In the LINCS 2020 data, cilastatin treatment significantly decreased the expression of 42 pathways in the HT29 cell line (Table S2). Enrichment Map analysis revealed that gene sets related to splicing, ribosome, mitochondria, telomere, and ubiquitin pathways were altered (Fig. 4). Based on these pathway alterations, we constructed a mechanistic hypothesis for how cilastatin might intervene in the pathophysiological processes of COVID-19 induced by SARS-CoV-2 infection (Fig. 5).

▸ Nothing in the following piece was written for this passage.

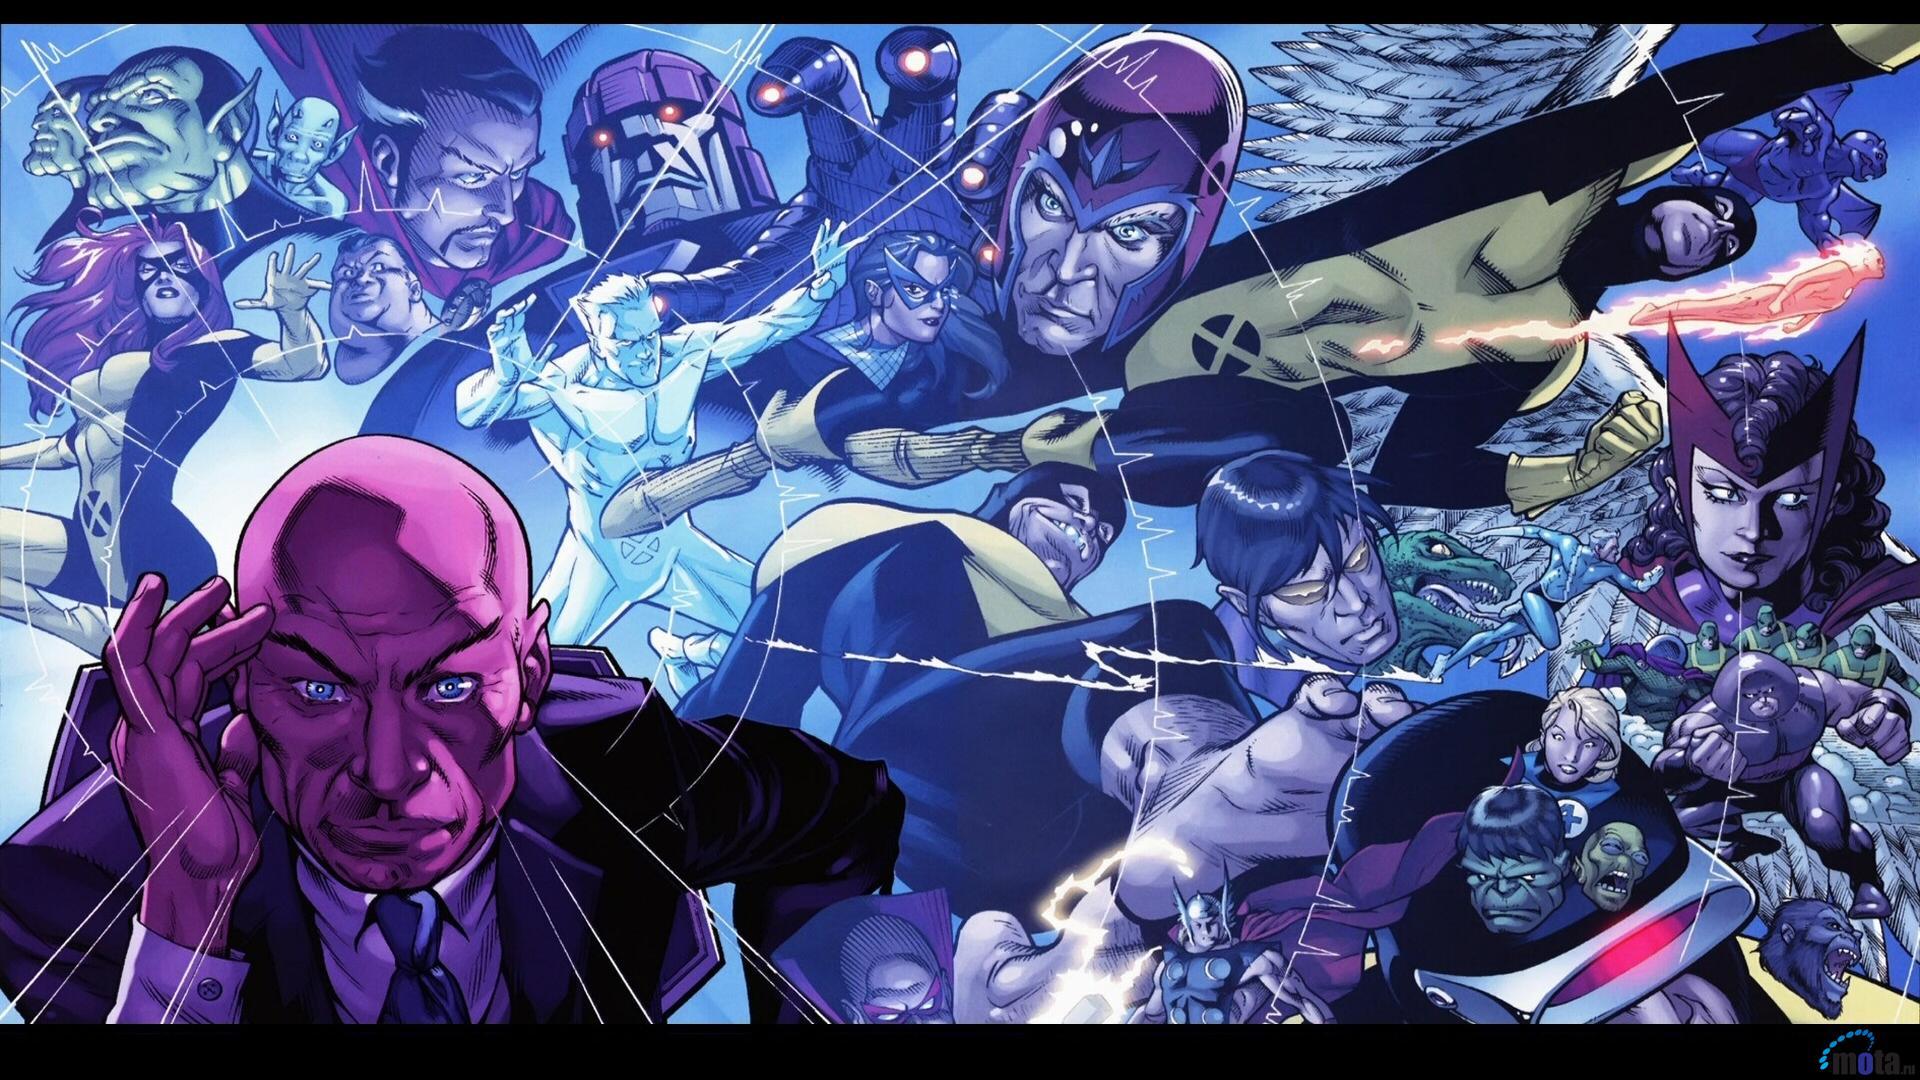 Marvel HD Wallpapers 1080p - WallpaperSafari Deadpool Vs Spiderman Wallpaper 1920x1080
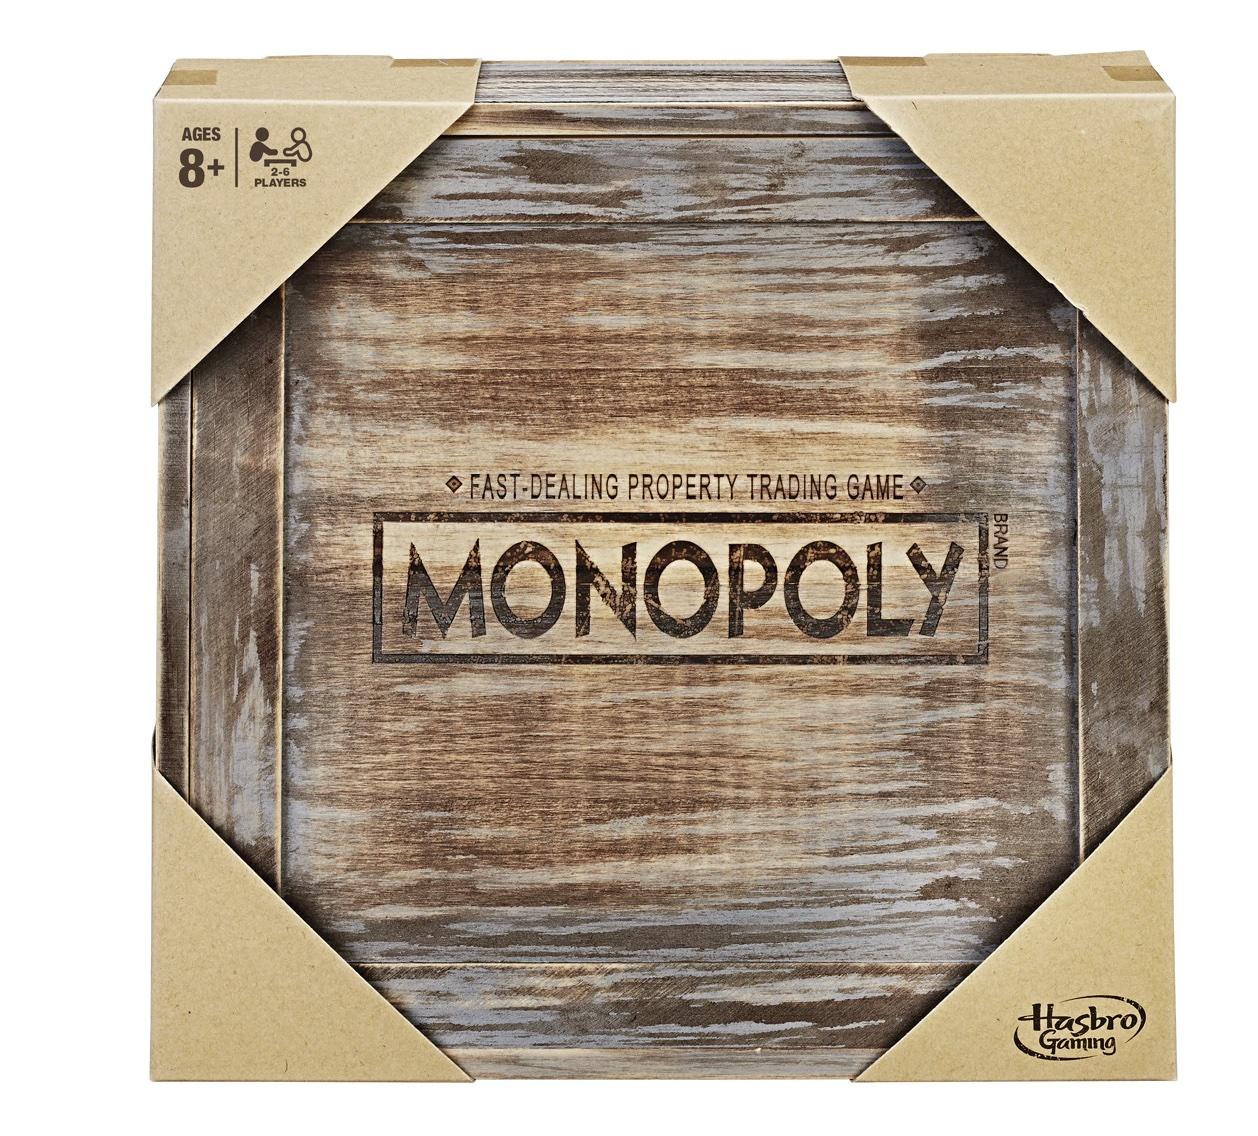 HASBRO Monopoly Rustic

This network visualizes gene ontology (GO) biological process terms significantly down-regulated by cilastatin treatment. Each node represents a gene set corresponding to a GO term, with node size proportional to the number of genes in the set and node color reflecting statistical significance (log₁₀-transformed p-value). Edges indicate gene overlap between gene sets. Functionally related clusters are annotated.

This schematic illustrates potential therapeutic mechanisms by which cilastatin may alleviate COVID-19 pathology, inferred from pathway-level gene expression changes. Cilastatin-mediated inhibition of DPEP1 is proposed to influence multiple downstream biological processes, including ribosome biogenesis, RNA splicing, and mitochondrial metabolism. These changes converge on antiviral and anti-inflammatory outcomes such as suppression of viral replication and inflammation. Pathways shaded in blue indicate those with down-regulated gene expression following cilastatin treatment.

Cilastatin is clinically used as a dipeptidase-1 (DPEP1) inhibitor in combination with imipenem to prevent renal degradation of the antibiotic by DPEP1. Beyond this established role in antibiotic protection, our analysis of LINCS2020 data revealed that cilastatin modulatesmultiple cellular pathways related to splicing, ribosomal function, and mitochondrial processes in cells. DPEP1, in addition to its primary function of dipeptide hydrolysis in the kidney, also functions as a neutrophil adhesion receptor on vascular endothelial cells and is known to promote neutrophil recruitment during inflammation [39]. DPEP1 may restrict host ribosomes utilized by SARS-CoV-2 by controlling the PI3K/Akt/mTOR pathway [40], which regulates cellular protein synthesis and metabolism [41]. This may suppress viral replication through a mechanism similar to that of mTOR inhibitors such as sirolimus (rapamycin) [42].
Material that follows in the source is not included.